Single by Ramin Karimloo

from the album Love Never Dies
- Released: March 8, 2010
- Genre: Musical theatre
- Length: 4:19
- Label: Really Useful
- Composer: Andrew Lloyd Webber
- Lyricist: Glenn Slater
- Producers: Andrew Lloyd Webber, Nigel Wright

= 'Til I Hear You Sing =

Song from Love Never Dies

"Til I Hear You Sing" is a song from the musical Love Never Dies, the 2010 sequel to the 1986 musical The Phantom of the Opera. It was originally performed by Ramin Karimloo as the Phantom during the London run and was recorded with him for the original London cast album. Ben Lewis performed the song in the Australian production and its 2012 live stage film and 2018 cast album.

==Synopsis==
The Phantom sings about how he has done next to nothing in the ten years since the events of the first musical took place. He now feels like he cannot be productive in any way until he hears Christine sing again. The Telegraph explains "the tortured hero longs to be reunited with his muse, Christine, with whom, the show reveals, he once shared a night of passion." He will never be happy until he hears Christine sing again.

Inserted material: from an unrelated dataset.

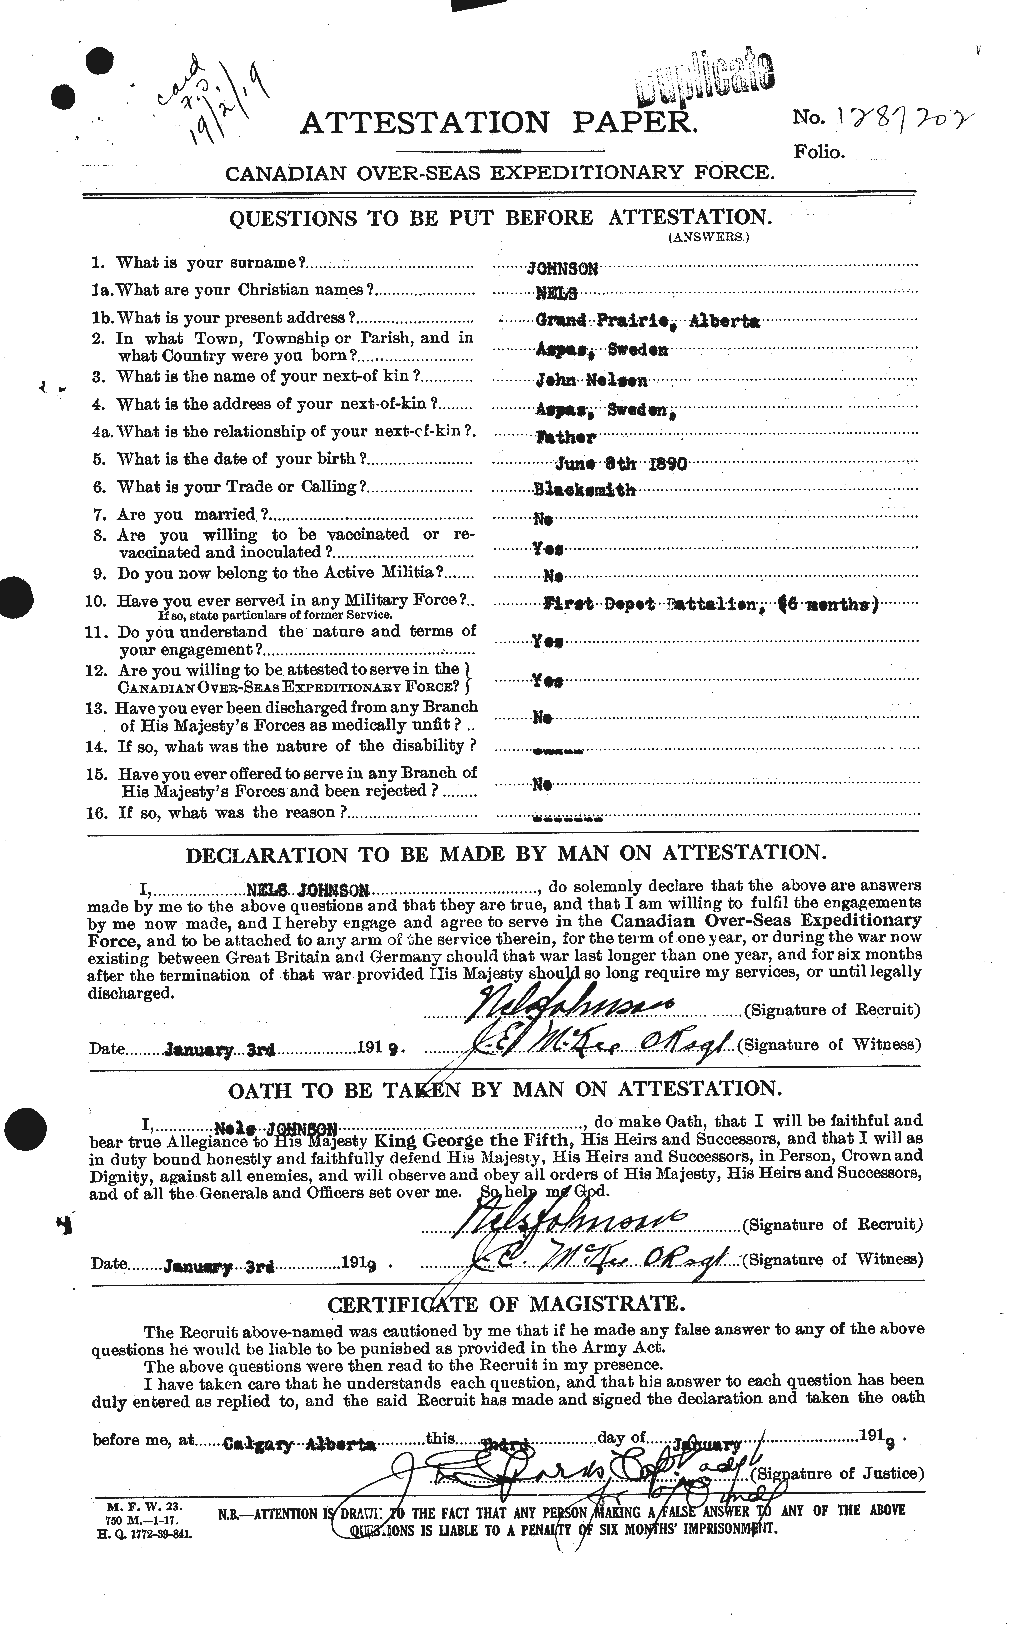 Dossiers du Personnel de la Première Guerre mondiale - CEC 422158a

As a result of some structural changes Andrew Lloyd Webber made to the show due to mixed reviews, it "comes at the very start of the show".

==Critical reception==
StageWhispers described it as a "vocally demanding opening prologue". AllMusic described this song, along with the title song, as "crafty/schmaltzy ballads". Gramophone wrote "Karimloo's Phantom seethes magnificently in his opening ballad 'Til I Hear You Sing". The BBC deemed it "the musical's most memorable song", and described Karimloo's performance as "full-blooded". Ckickey described it as " a genuinely stirring show-stopper", "prodigious", "pulsating", and a "great song". The Telegraph named it "one of the show's finest songs". The Stage deemed the number, along with Love Never Dies, as "stand outs". Reviewing the Australian version of the musical, The Herald Sun wrote the Phantom's "opening rendition of 'Til I Hear You Sing is thrilling and no song that follows meets this level." London Theatreland wrote "I did not leave the theatre humming 'Till I Hear You Sing'. But will people be humming 'Till I Hear You Sing' in months, years to come? Of course, they will." Gramaphone says the Phantom "seethes magnificently in his opening ballad ". Entertainment Weekly said "Instead of Music of the Night, we get a piercing succession of key changes through Til I Hear You Sing as [Erik] longs for Christine to be restored as his muse", concluding "his musical mastery has...largely deserted him". News.com deemed it "the show's strongest number...which remains the standout performance of the night until...the title song."